2. OVERVIEW
• Introduction
• Problem statement
• Literature Reviews
• Query log
• Querying the search engine
• Search engine optimization
• Proposed algorithm
• Result analysis
• Conclusion
• Future scope
• reference
3. INTRODUCTION
• Seo is a concept by which we retrieve information effectively
and efficiently.
• Search engine optimization is method that refers to the course
of improving the traffic to a certain website.
• Searching academic journals, scholarly articles may need special
consideration to other factors beyond the keyword search and
context-based querying strategies.
• ASEO used for improving rank and explosure of academic
article.
• SemAcSearch scans through database of articles and rank based
on relevance of search query.
4. PROBLEM STATEMENT
• How Lingo(a novel algorithm for clustering search results)is
able to reduce the original term-document matrix
• How incorporating semantics along with other ASEO
techniques could possibly enhance the ranking of most
relevant articles.
5. Literature Review
• Rekha Singhal (2016) et al displays around a query log frequently, contains data
about user, issued query, clicked comes to fruition, et cetera.
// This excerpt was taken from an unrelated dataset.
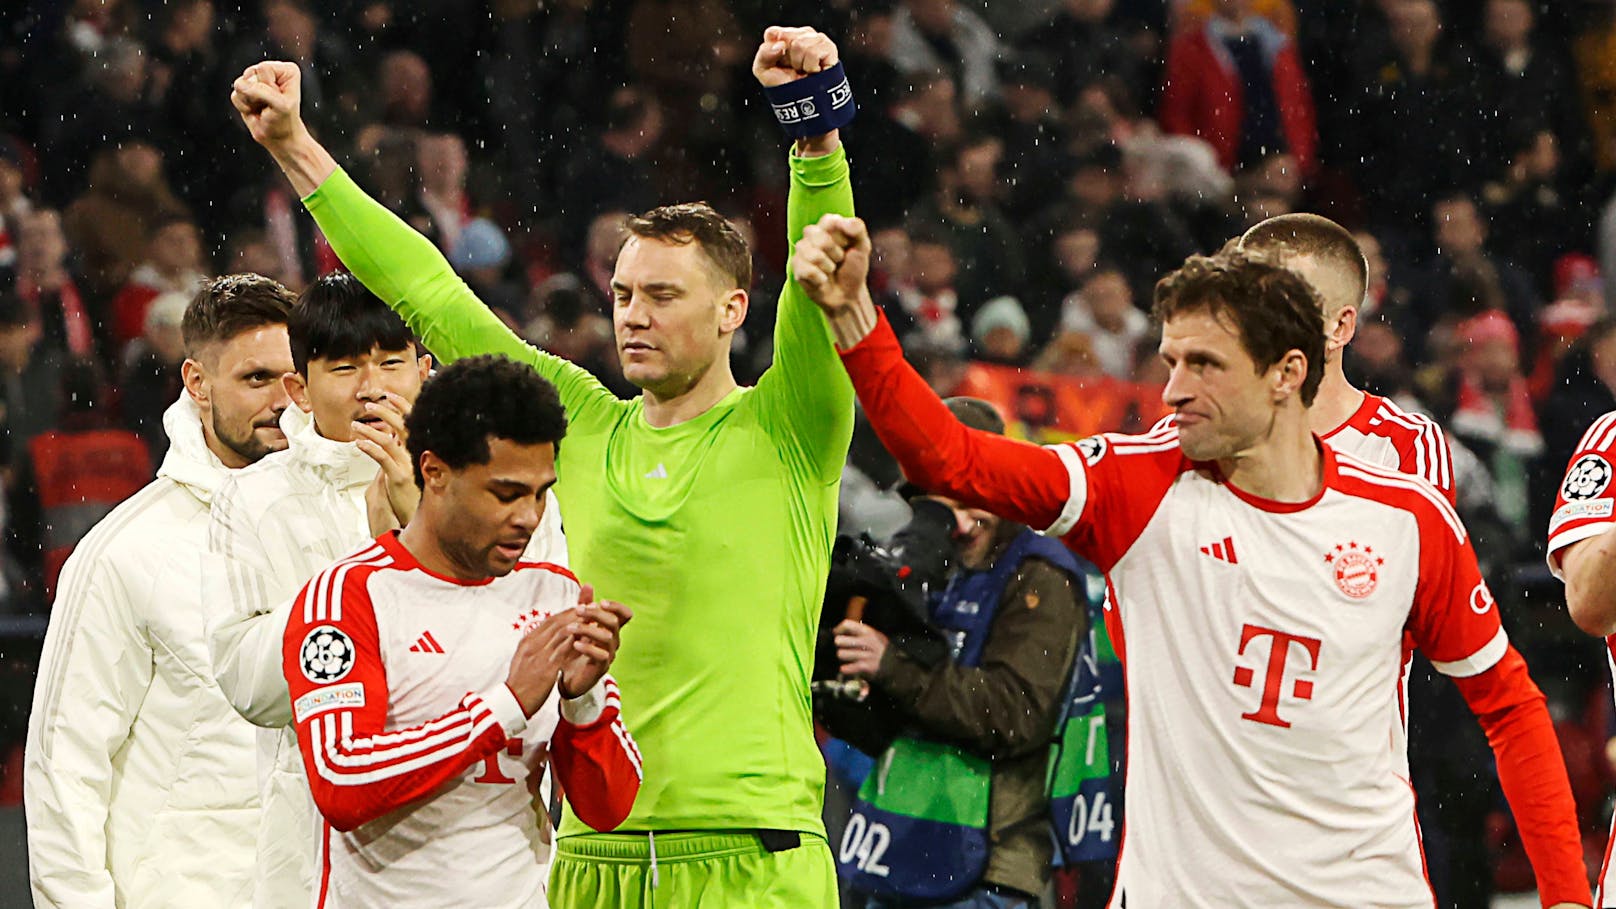 Bayern-Star nach Sieg: "Das kann die Saison verändern"

From this data,
knowledge can be separated to enhance the quality (both as far as adequacy and
productivity) of their framework. The course of action of question log addresses a
record using five highlights: user id, inquiry, timestamp, rank of the clicked result,
have string of the clicked URL.
• B. Prasanthi (2016) et al presents executing and building up a Novel Image
Repositioning System (NIRS) that consequently learns disconnected the different
visual semantic highlights for various inquiries through keyword expansions.
• Fayyaz Ali (2016) et al we propose another sort of PageRank called Ratio-based
Weighted PageRank that performs better than PageRank and Weighted PageRank
calculations particularly in the terms of association.
• Lei et al proposed a semantic model to analyse the search queries. The proposed
semantic model breaks the query into varied components of the sentence and
assigns a weight to each component.
6. QUERY LOG
A standout amongst the most utilized methods for
improving the users’ search experience, truth be told,
is the abuse of the knowledge contained inside past
queries. They record queries issued to search engine
and also a lot of further information like the user
submits the query, pages viewed and click in the
result set, the position of every result, the accurate
time at which a particular act was done etc.
7. Querying the Search Engine
Inverted Index
The primary data structure of most of the IR systems is in the form of inverted index. We can define an inverted
index as a data structure that list, for every word, all documents that contain it and frequency of the occurrences
in document. It makes it easy to search for ‘hits’ of a query word.
Stop Word Elimination
Stop words are those high frequency words that are deemed unlikely to be useful for searching. All such kind of
words are in a list called stop list. For example, articles “a”, “an”, “the” and prepositions like “in”, “of”, “for”, “at”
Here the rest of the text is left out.